INFORMATION SHOWN>
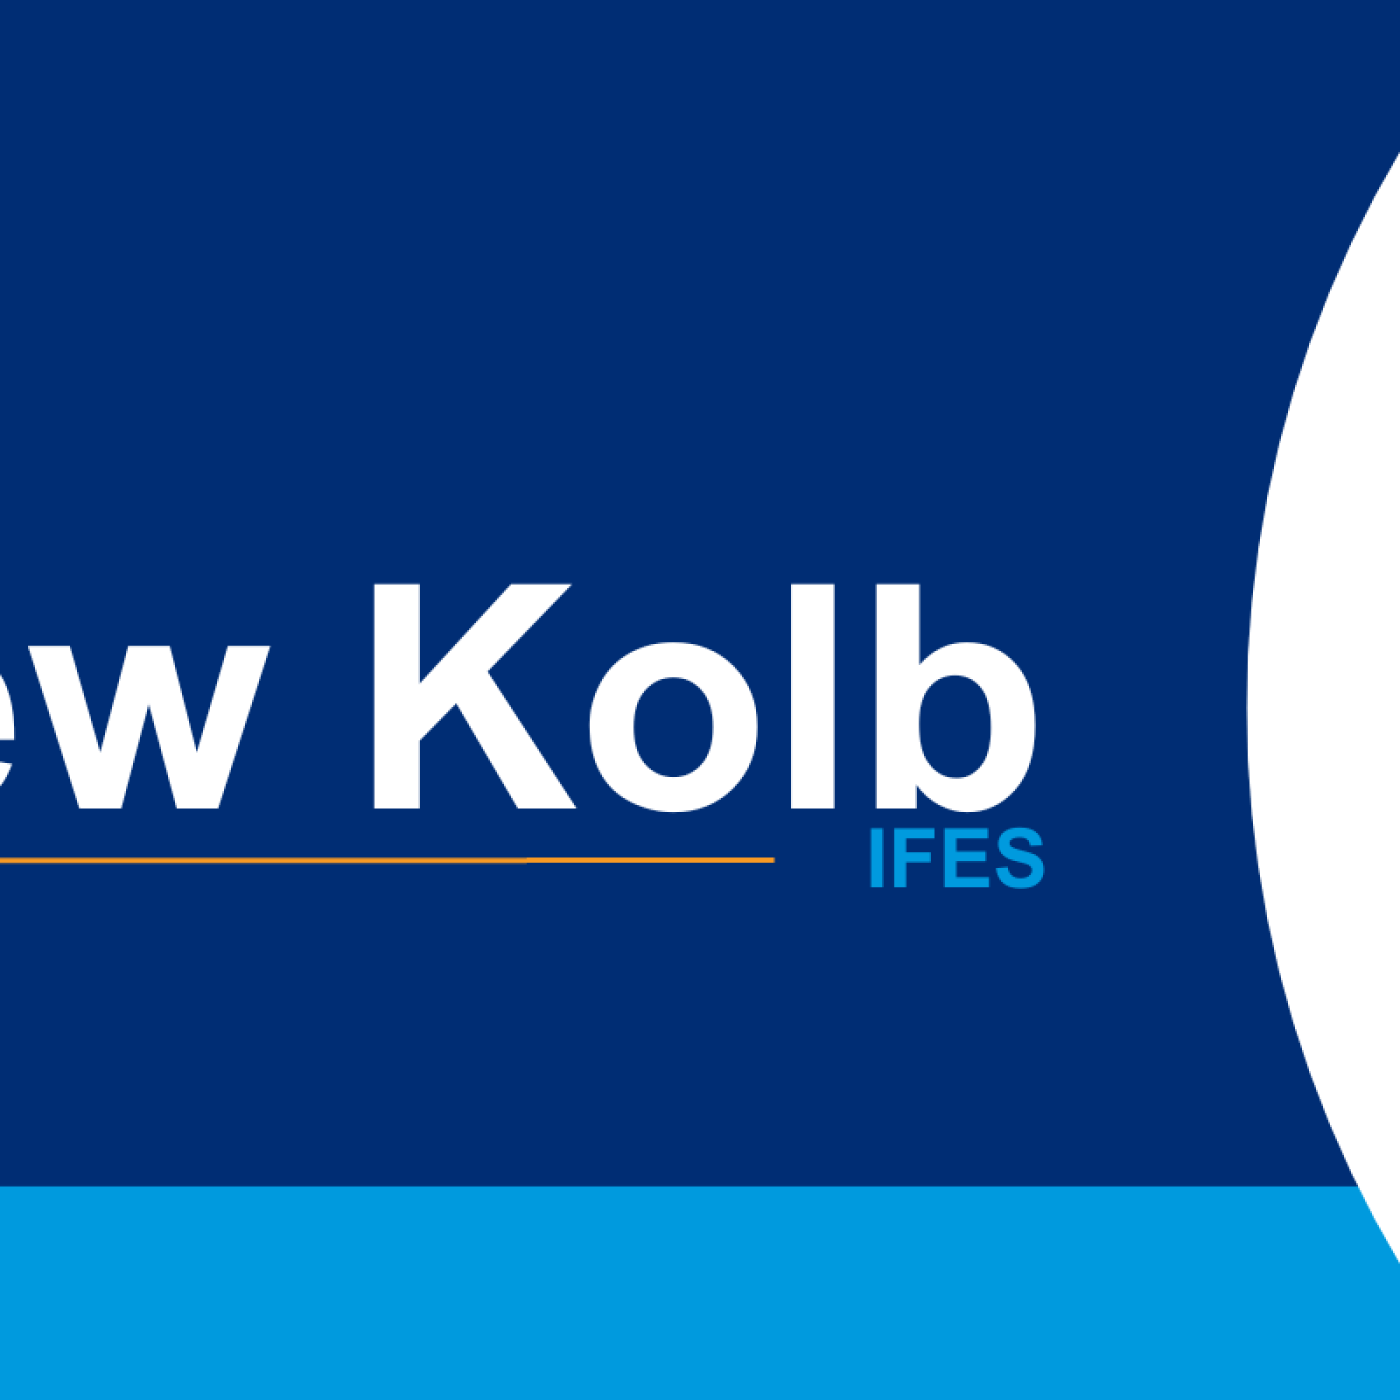 Graphic displaying dark blue, light blue, white and gold elements with white text reading "Andrew Kolb, IFES" and a headshot of a man on the far right.
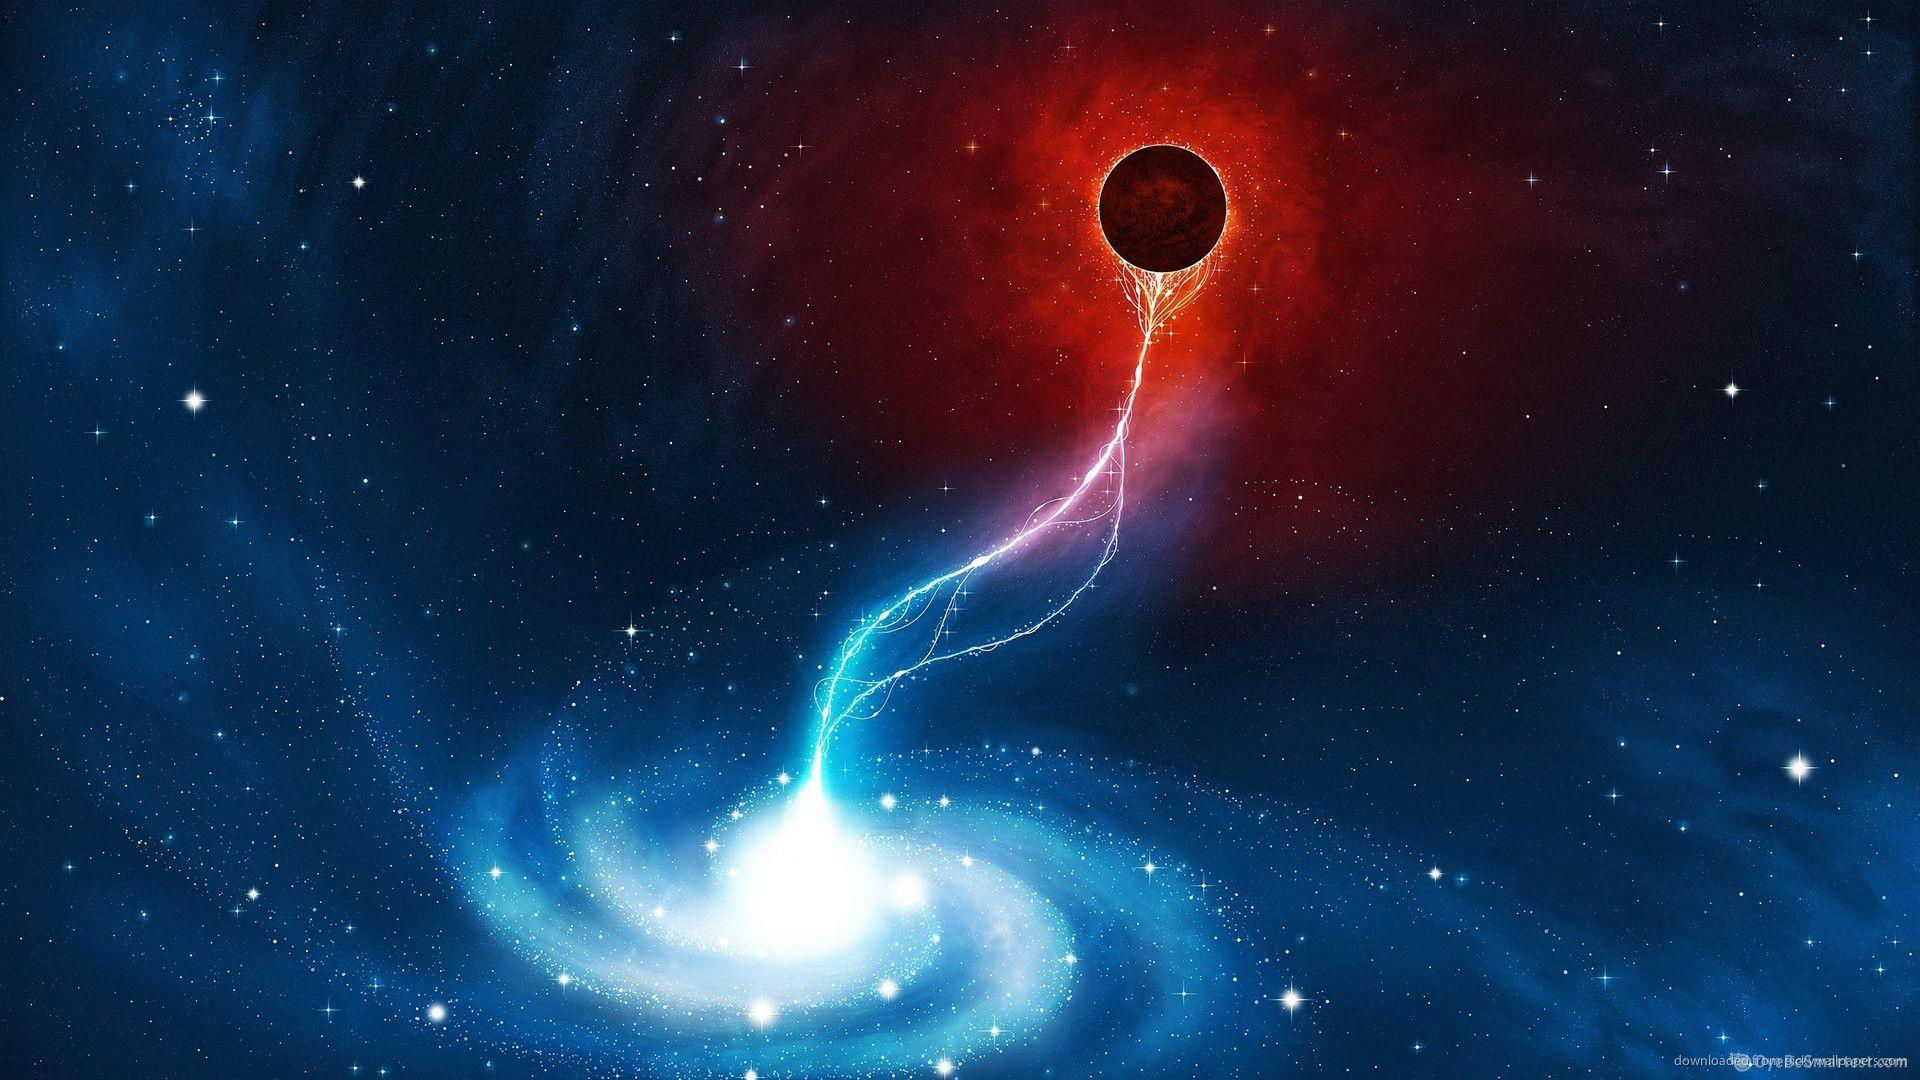 Ð black hole hd wallpapers nature wallpaper full free download
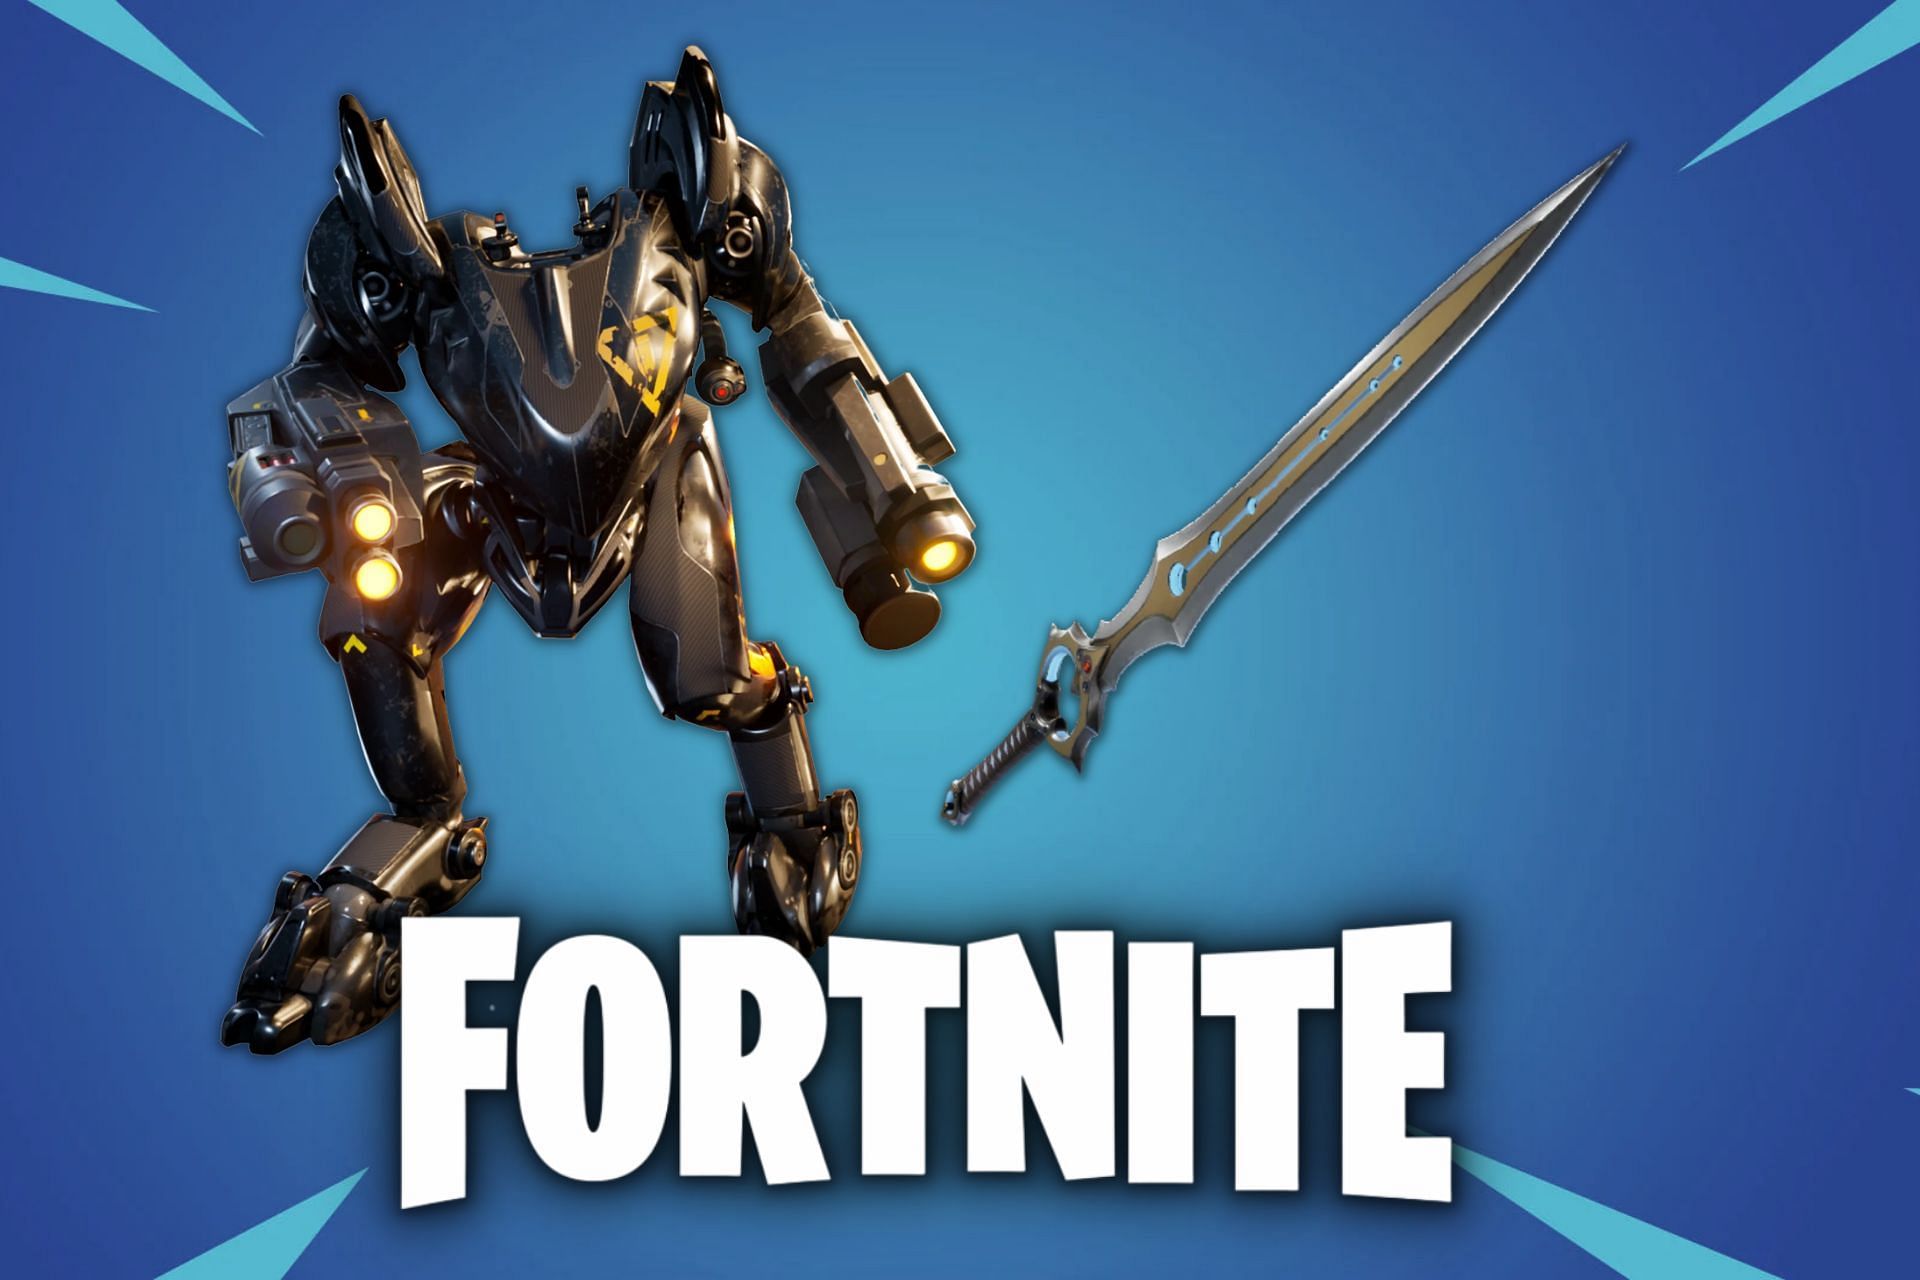 Fortnite players will be wondering which dangerously overpowered item, the B.R.U.T.E mech, or the Infinity Blade will be coming back to the game soon (Image via Sportskeeda)

PROBLEM> Say again, word for word, the lines beginning at the top of the data and ending with the line that has "Ð black hole". Skip the pictures.

TASK ANSWER>
 Graphic displaying dark blue, light blue, white and gold elements with white text reading "Andrew Kolb, IFES" and a headshot of a man on the far right.
 Ð black hole hd wallpapers nature wallpaper full free download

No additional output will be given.